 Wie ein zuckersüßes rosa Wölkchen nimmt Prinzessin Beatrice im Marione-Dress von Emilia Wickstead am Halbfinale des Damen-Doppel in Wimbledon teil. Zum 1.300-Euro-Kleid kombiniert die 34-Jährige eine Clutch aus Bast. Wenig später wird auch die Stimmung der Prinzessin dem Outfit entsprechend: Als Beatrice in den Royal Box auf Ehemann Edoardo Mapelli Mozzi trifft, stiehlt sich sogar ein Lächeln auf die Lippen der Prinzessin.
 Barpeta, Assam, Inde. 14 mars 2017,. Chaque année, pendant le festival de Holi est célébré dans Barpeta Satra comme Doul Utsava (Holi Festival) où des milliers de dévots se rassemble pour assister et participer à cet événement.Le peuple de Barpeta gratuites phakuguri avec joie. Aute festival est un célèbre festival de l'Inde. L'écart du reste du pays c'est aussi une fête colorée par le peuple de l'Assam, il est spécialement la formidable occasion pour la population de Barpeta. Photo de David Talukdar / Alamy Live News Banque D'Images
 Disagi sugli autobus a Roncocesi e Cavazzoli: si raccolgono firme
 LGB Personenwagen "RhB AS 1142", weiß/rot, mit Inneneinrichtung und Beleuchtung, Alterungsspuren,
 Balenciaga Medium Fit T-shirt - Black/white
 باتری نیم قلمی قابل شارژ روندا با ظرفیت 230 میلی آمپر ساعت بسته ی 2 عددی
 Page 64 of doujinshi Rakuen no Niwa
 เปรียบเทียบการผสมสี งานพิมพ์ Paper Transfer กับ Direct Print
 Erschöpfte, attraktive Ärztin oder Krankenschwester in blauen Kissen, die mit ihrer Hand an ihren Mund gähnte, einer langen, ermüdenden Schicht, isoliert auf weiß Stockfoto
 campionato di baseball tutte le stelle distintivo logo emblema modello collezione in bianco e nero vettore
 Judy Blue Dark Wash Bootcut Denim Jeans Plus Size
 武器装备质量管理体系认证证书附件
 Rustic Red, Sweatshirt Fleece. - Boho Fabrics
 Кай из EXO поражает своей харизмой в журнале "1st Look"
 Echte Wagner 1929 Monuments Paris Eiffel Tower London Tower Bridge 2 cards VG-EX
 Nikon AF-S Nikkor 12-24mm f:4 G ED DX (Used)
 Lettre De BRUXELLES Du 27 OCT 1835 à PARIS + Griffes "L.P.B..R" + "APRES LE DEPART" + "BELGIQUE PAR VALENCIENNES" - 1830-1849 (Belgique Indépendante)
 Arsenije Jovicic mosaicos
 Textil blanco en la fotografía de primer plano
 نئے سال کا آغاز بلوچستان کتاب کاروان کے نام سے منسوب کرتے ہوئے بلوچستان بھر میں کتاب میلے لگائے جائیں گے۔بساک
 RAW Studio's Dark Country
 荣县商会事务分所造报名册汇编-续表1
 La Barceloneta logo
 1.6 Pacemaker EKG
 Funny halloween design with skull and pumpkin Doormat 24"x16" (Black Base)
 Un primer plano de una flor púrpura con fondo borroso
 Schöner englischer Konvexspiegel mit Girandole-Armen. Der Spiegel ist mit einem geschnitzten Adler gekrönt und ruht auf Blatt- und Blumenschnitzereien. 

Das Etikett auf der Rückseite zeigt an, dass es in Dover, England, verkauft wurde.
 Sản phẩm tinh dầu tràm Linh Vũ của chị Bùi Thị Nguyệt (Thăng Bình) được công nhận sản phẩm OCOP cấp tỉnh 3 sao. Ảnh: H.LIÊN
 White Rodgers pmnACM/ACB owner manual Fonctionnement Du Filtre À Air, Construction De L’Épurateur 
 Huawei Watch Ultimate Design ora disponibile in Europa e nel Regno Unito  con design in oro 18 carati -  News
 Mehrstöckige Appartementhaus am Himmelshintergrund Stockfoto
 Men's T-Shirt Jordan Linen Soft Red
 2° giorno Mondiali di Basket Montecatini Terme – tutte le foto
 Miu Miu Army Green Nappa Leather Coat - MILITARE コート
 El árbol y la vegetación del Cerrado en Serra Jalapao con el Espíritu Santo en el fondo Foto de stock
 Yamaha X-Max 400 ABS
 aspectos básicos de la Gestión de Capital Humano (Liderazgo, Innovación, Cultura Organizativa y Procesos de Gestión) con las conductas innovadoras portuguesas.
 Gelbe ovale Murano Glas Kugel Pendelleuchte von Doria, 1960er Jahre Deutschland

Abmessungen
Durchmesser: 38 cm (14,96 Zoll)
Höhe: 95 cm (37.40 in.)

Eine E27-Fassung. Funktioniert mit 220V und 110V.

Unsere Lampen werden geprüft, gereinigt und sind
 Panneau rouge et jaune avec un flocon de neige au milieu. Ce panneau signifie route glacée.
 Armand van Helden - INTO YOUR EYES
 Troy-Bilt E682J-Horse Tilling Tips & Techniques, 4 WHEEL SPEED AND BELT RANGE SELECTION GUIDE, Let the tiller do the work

Your objective
Transcribe, exactly and without additions, the lines of the records above, beginning with the line that contains "Men's T-Shirt Jordan Linen Soft Red" and ending with the line that contains "Höhe: 95 cm (37.40 in.)", both included.

Answer below
 Men's T-Shirt Jordan Linen Soft Red
 2° giorno Mondiali di Basket Montecatini Terme – tutte le foto
 Miu Miu Army Green Nappa Leather Coat - MILITARE コート
 El árbol y la vegetación del Cerrado en Serra Jalapao con el Espíritu Santo en el fondo Foto de stock
 Yamaha X-Max 400 ABS
 aspectos básicos de la Gestión de Capital Humano (Liderazgo, Innovación, Cultura Organizativa y Procesos de Gestión) con las conductas innovadoras portuguesas.
 Gelbe ovale Murano Glas Kugel Pendelleuchte von Doria, 1960er Jahre Deutschland

Abmessungen
Durchmesser: 38 cm (14,96 Zoll)
Höhe: 95 cm (37.40 in.)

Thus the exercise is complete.